WORK TASK →
Within the entries below, please retype exactly the lines starting with the line that has "Intex 28006 Poolroboter" and going on through the line that has "The image shows", but not the pictures.

(EXERCISE DATA)

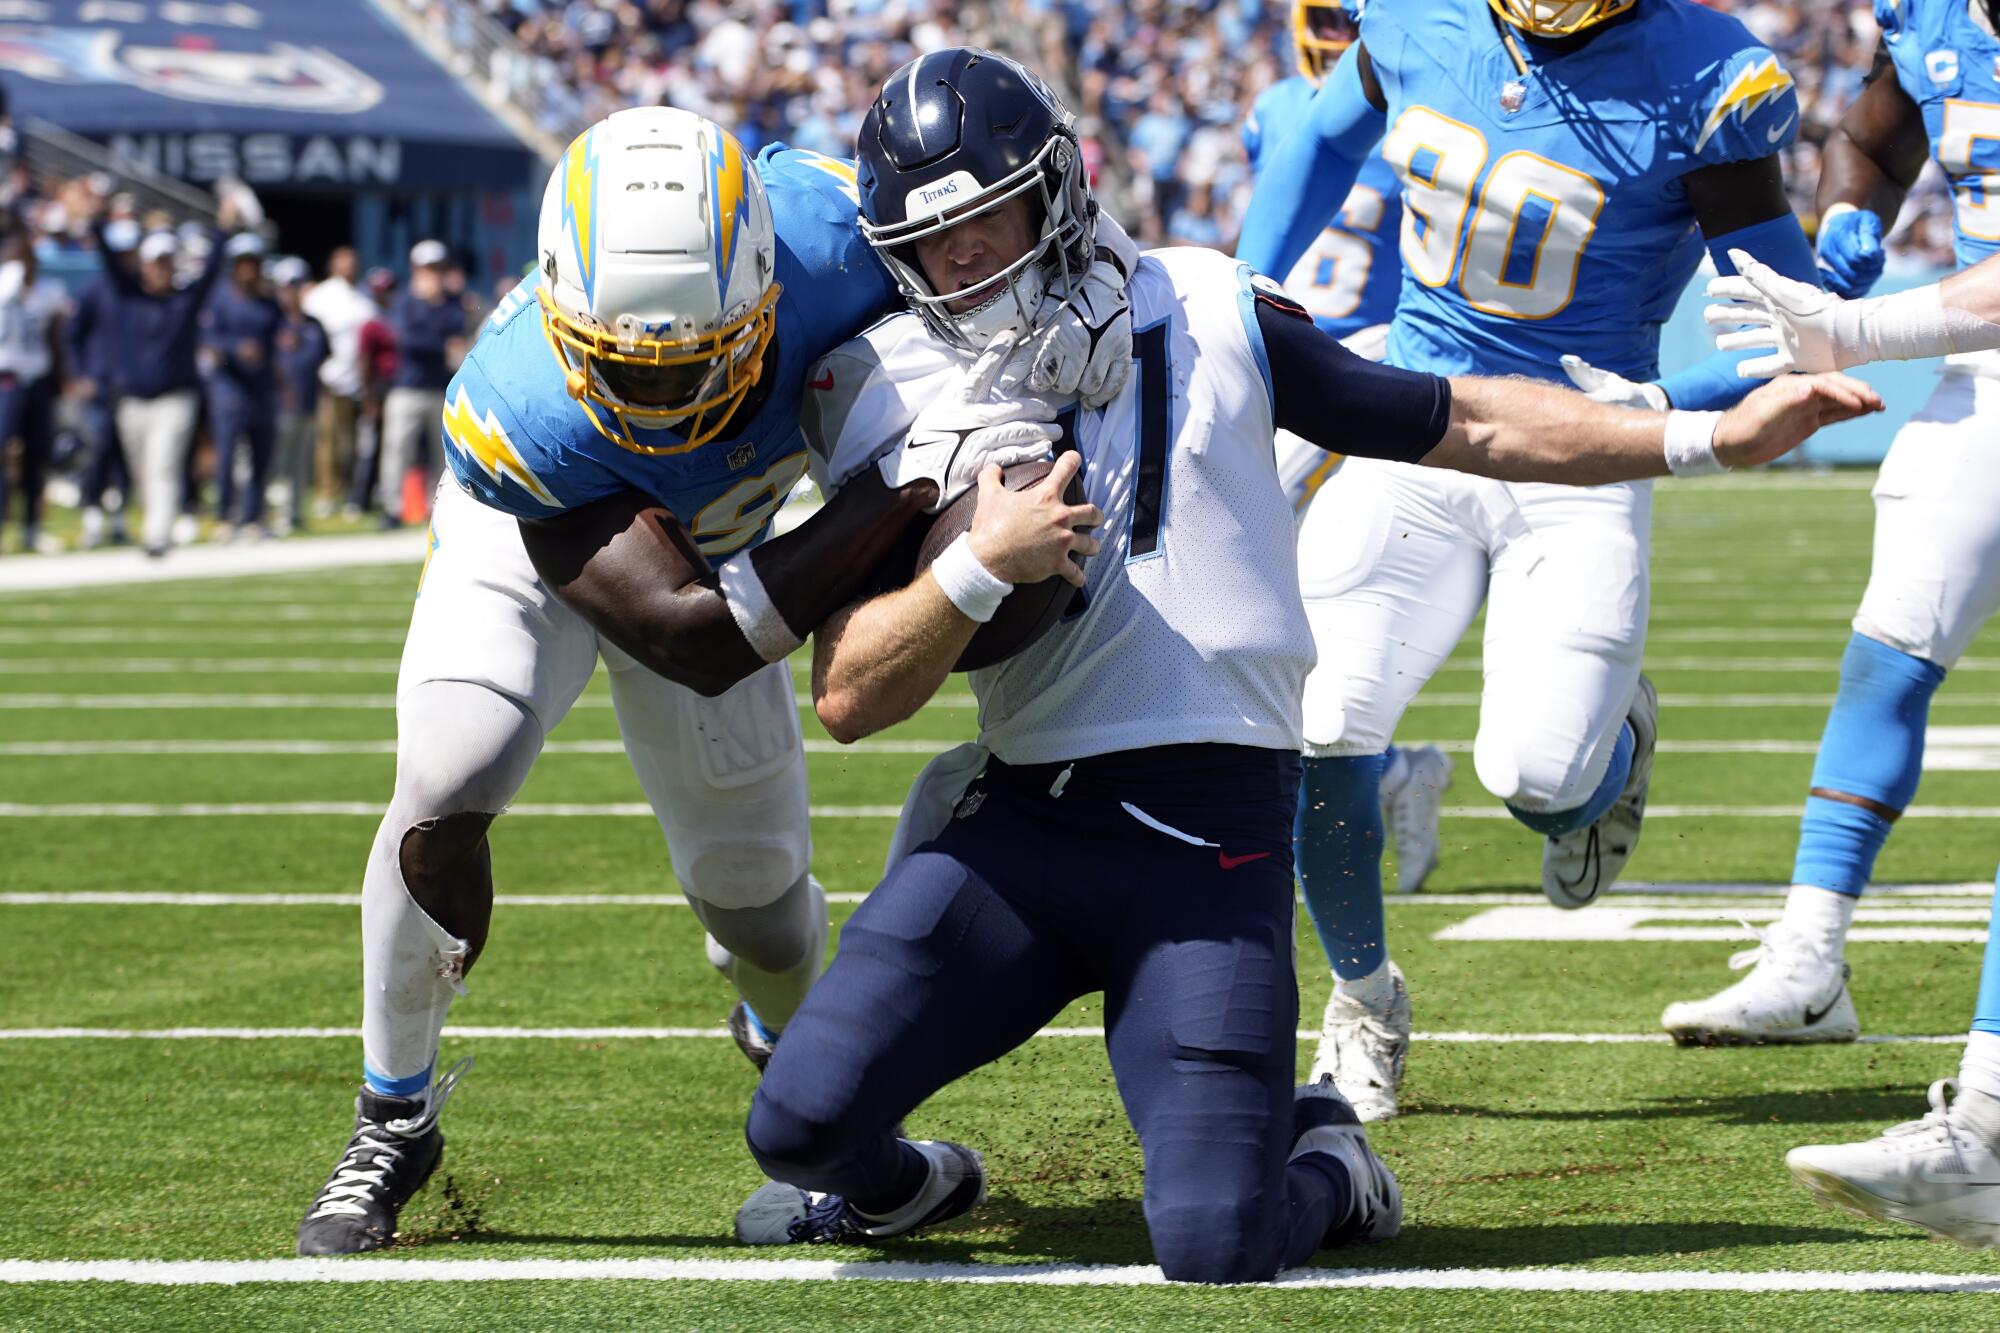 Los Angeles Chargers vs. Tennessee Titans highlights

(End EXERCISE DATA)
(EXERCISE DATA)

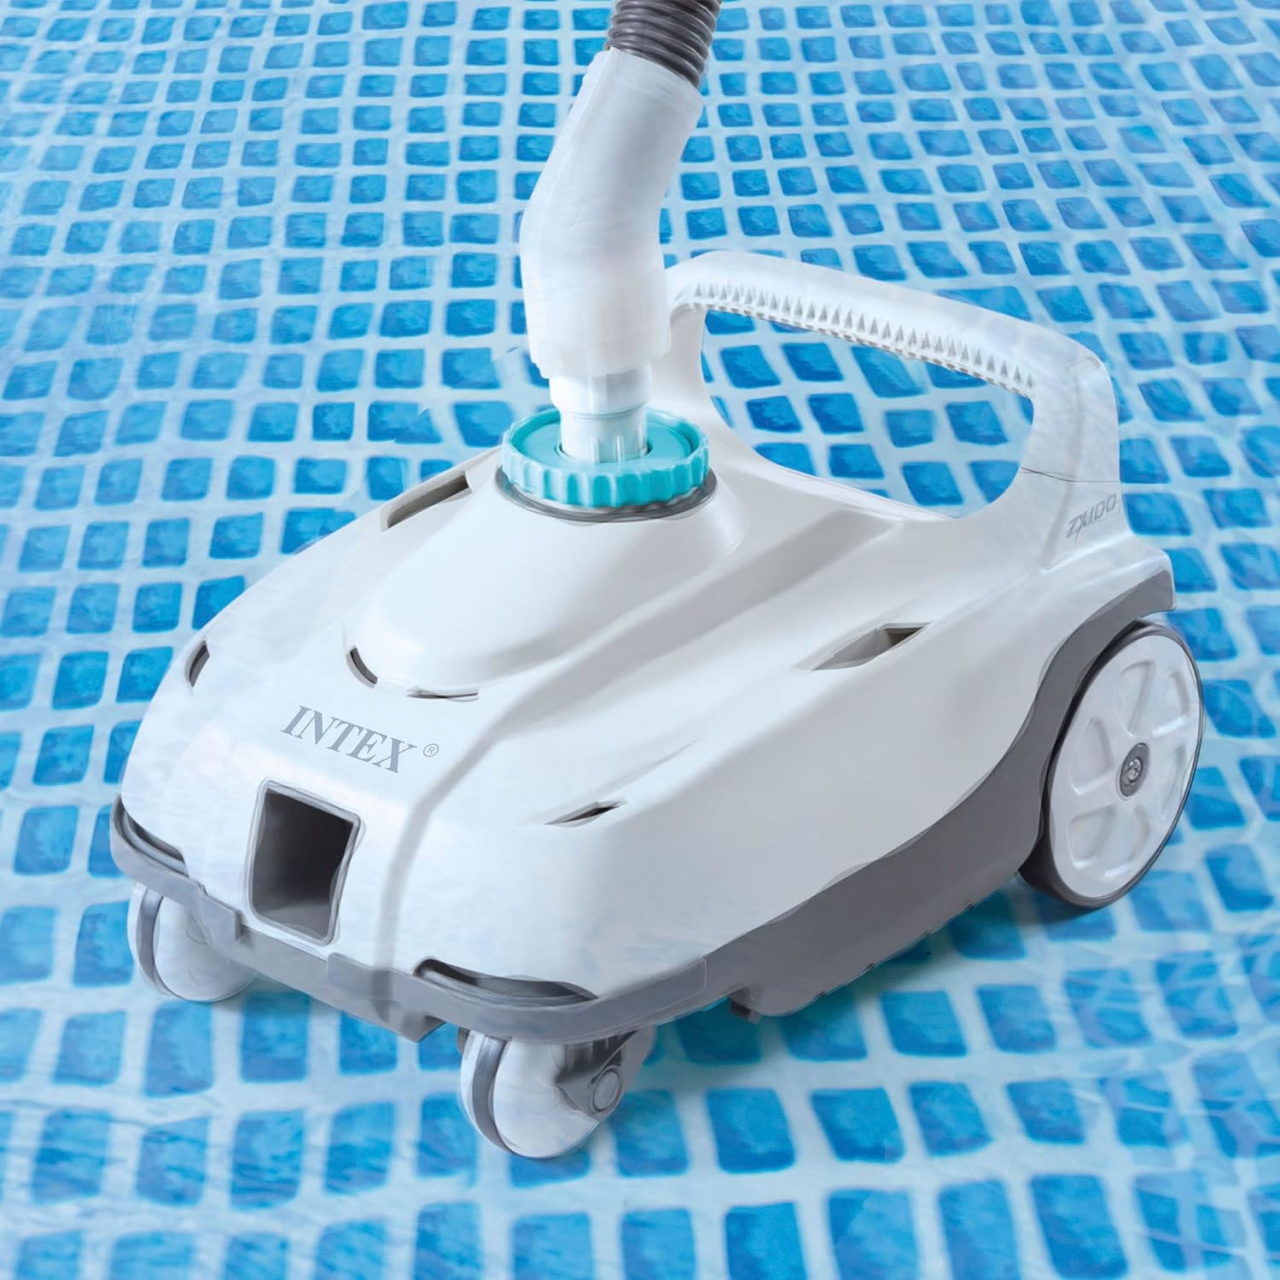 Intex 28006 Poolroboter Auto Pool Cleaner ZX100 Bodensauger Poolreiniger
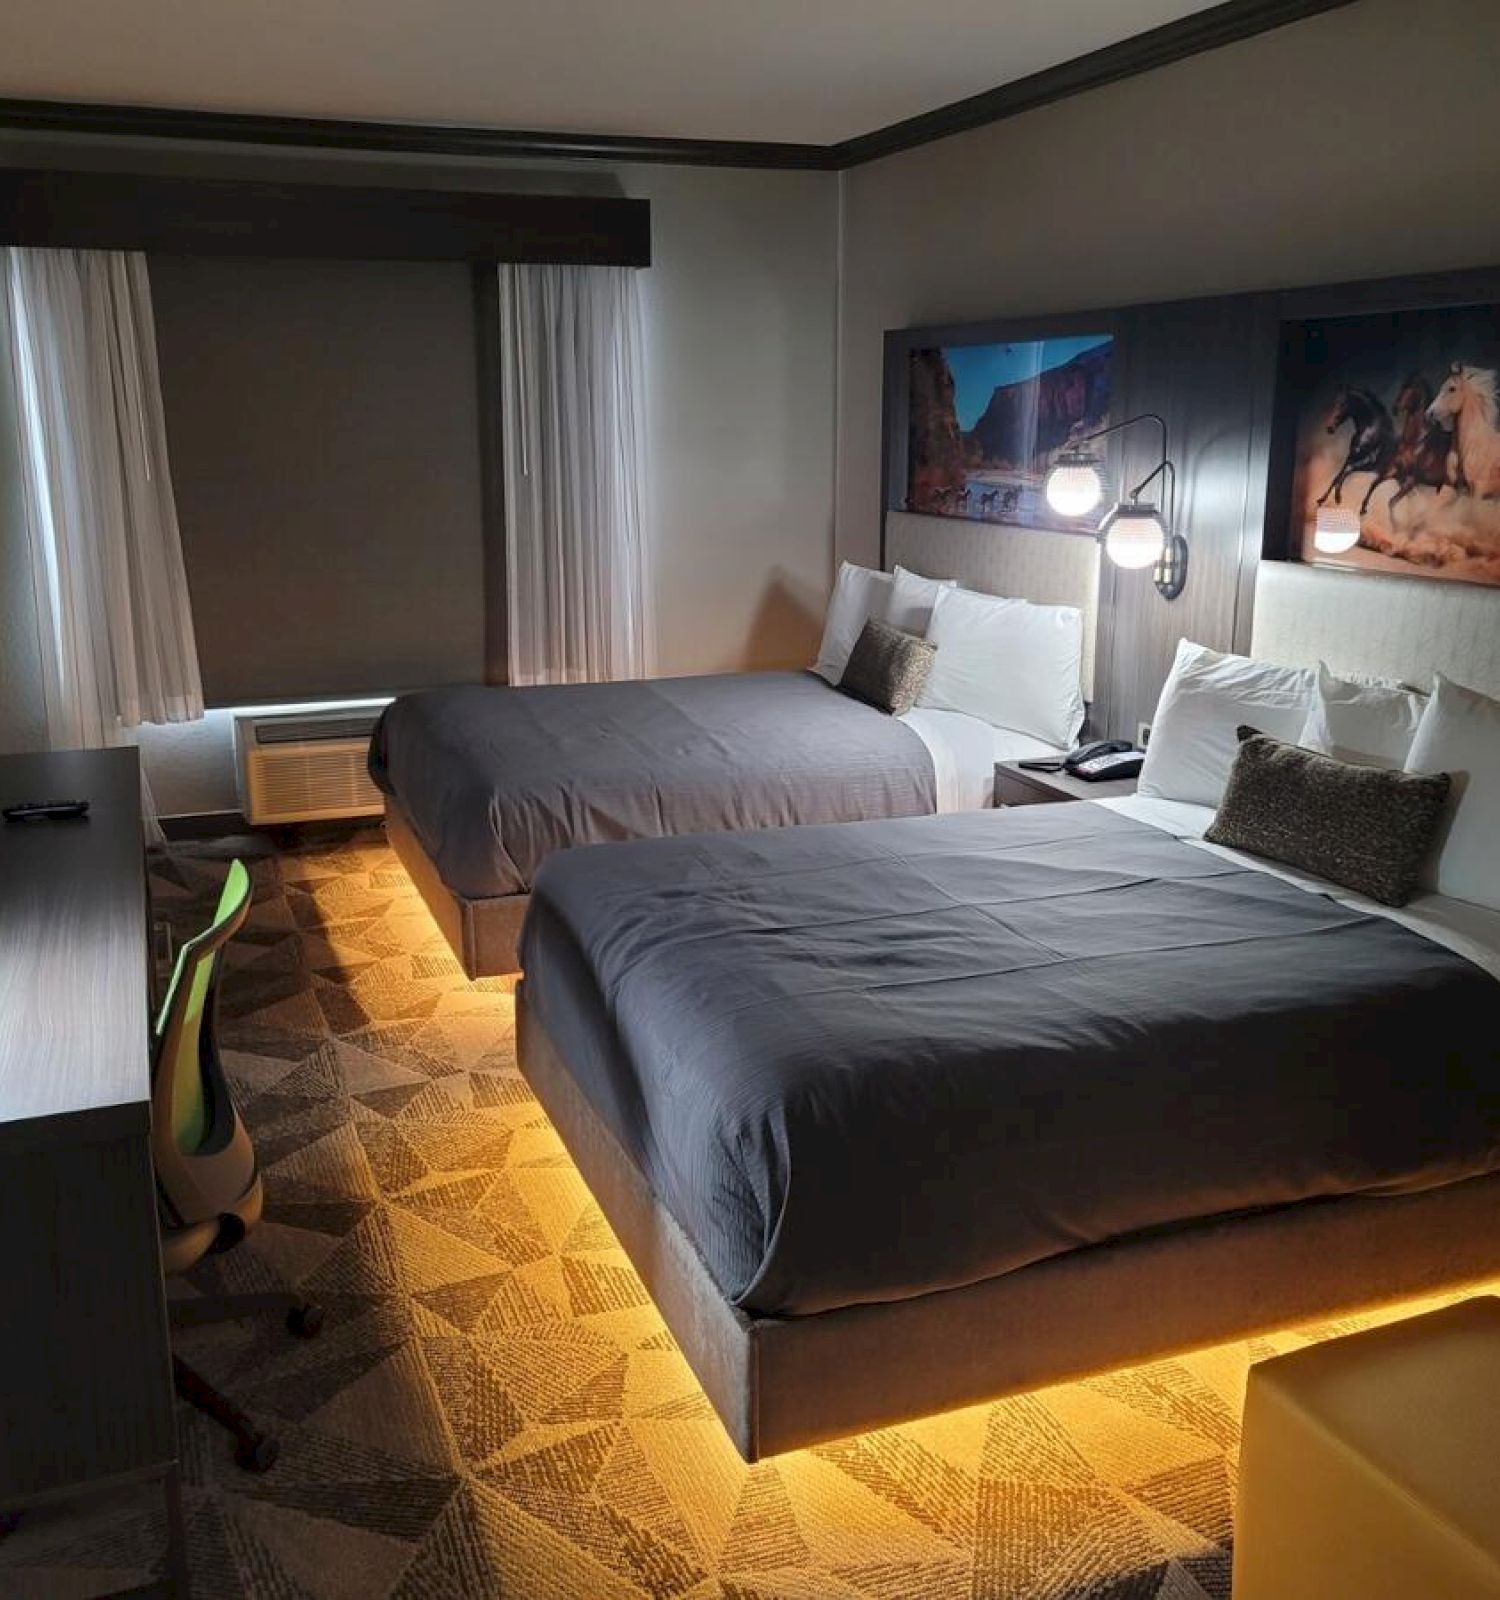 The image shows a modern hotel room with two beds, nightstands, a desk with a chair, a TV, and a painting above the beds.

(End EXERCISE DATA)
(EXERCISE DATA)

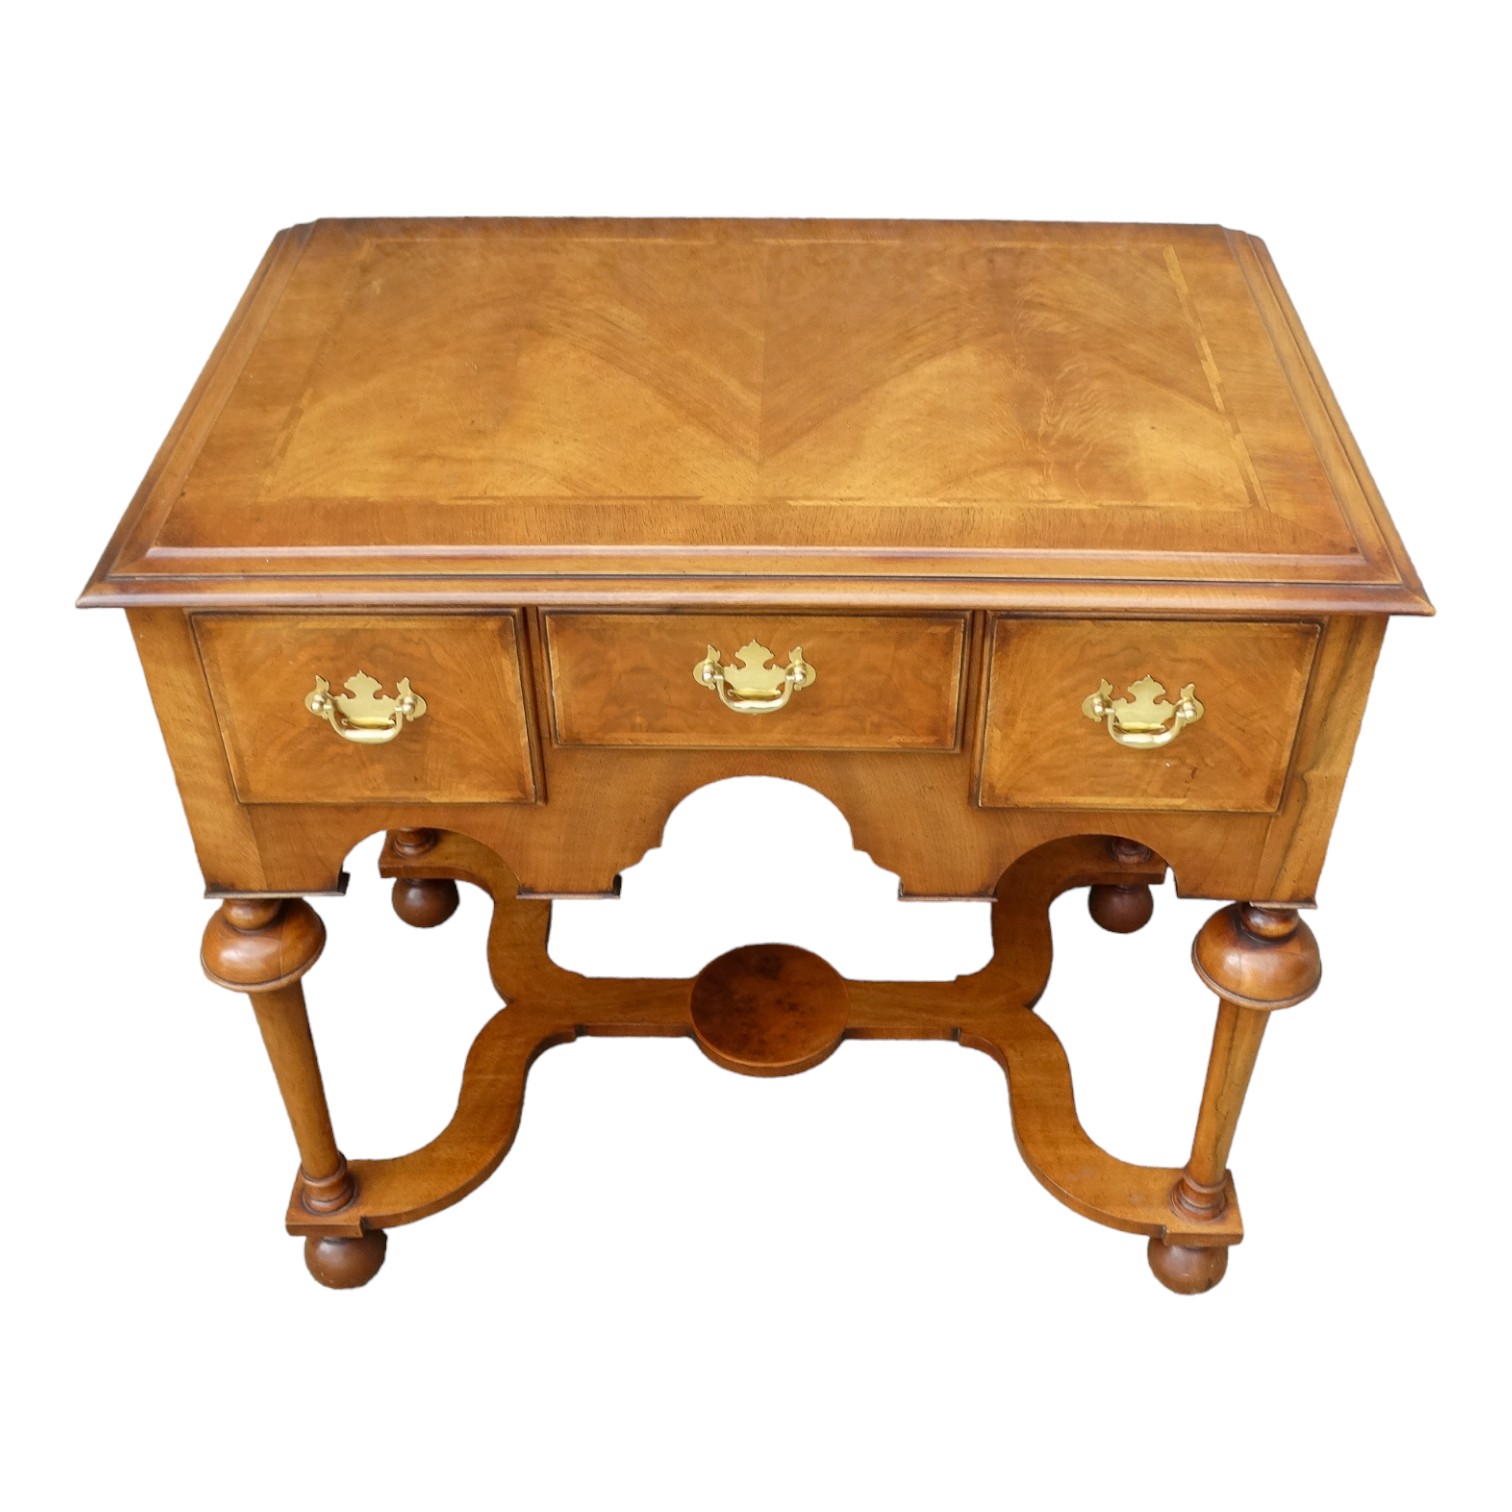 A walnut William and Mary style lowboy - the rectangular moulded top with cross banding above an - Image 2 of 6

(End EXERCISE DATA)

ANSWER TO THE EXERCISE →
 Intex 28006 Poolroboter Auto Pool Cleaner ZX100 Bodensauger Poolreiniger
 The image shows a modern hotel room with two beds, nightstands, a desk with a chair, a TV, and a painting above the beds.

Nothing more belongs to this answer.